On July 22, 2014, two federal appeals panels issued conflicting rulings regarding the use of federal tax subsidies to purchase private health insurance through the federal insurance marketplace. A panel in Washington D.C. ruled that subsidies could not be used to purchase insurance on the federal exchange site, HealthCare.gov.
A couple of hours later, the 4th U.S. Circuit Court of Appeals panel ruled in a different case that the subsidies are legal for people who buy plans on HealthCare.gov. The conflicting rulings set the stage for the cases landing before the U.S. Supreme Court. The stakes are high because HealthCare.gov operates in 36 states that do not operate a state exchange.
If the subsidies are not legal, the employer mandate (requiring employers to offer insurances to workers or pay a penalty) would be eliminated in the 36 states. This is because the employer mandate, requiring employers with 50 or more full-time workers to offer affordable insurance or face fines, only kicks in if one of their workers buys subsidized coverage on the federal exchange, Healthcare.gov.
The central issue in the conflicting opinions is whether the plain language of the Affordable Care Act, specifying that subsidies could be used on the state exchanges should be interpreted literally or whether Congress intended the spirit of the Affordable Care Act to include subsidies on the federal exchange.

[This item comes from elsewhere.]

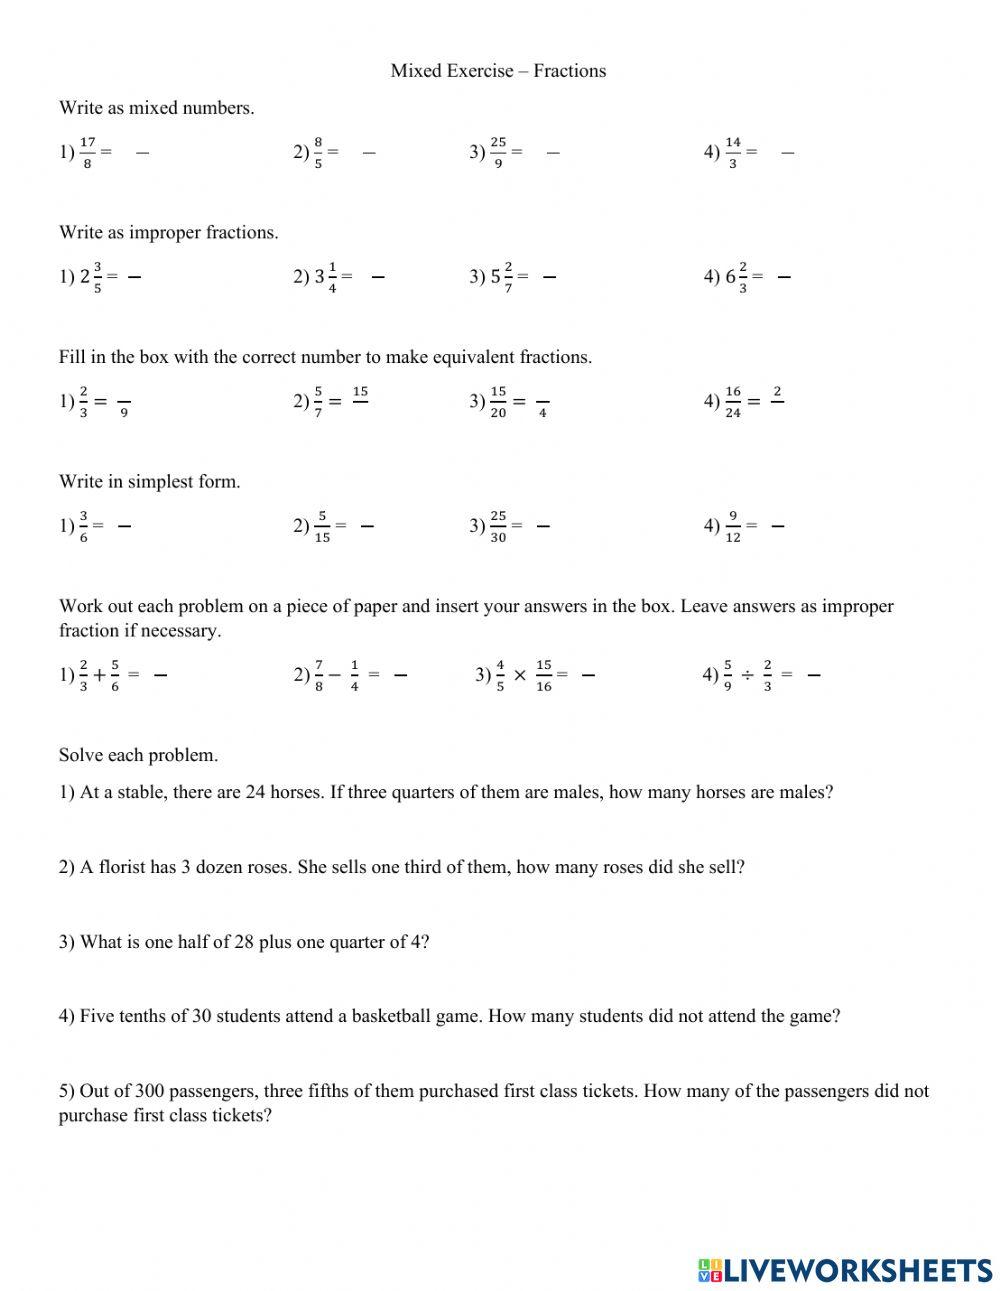 Mixed Exercise Fractions

With approximately 4.7 million Americans qualifying for a subsidy, if the D.C. appellate ruling determine the subsidies used to purchase insurance on the federal exchange is not reversed, many of these new policyholders may cancel their insurance because they find it to be unaffordable without the subsidy. President Obama has indicated that he intends to ask the full U.S. Court of Appeals for the District of Columbia Circuit to reverse the panel’s decision. If they decline to do so, the U. S. Supreme Court would likely take cert.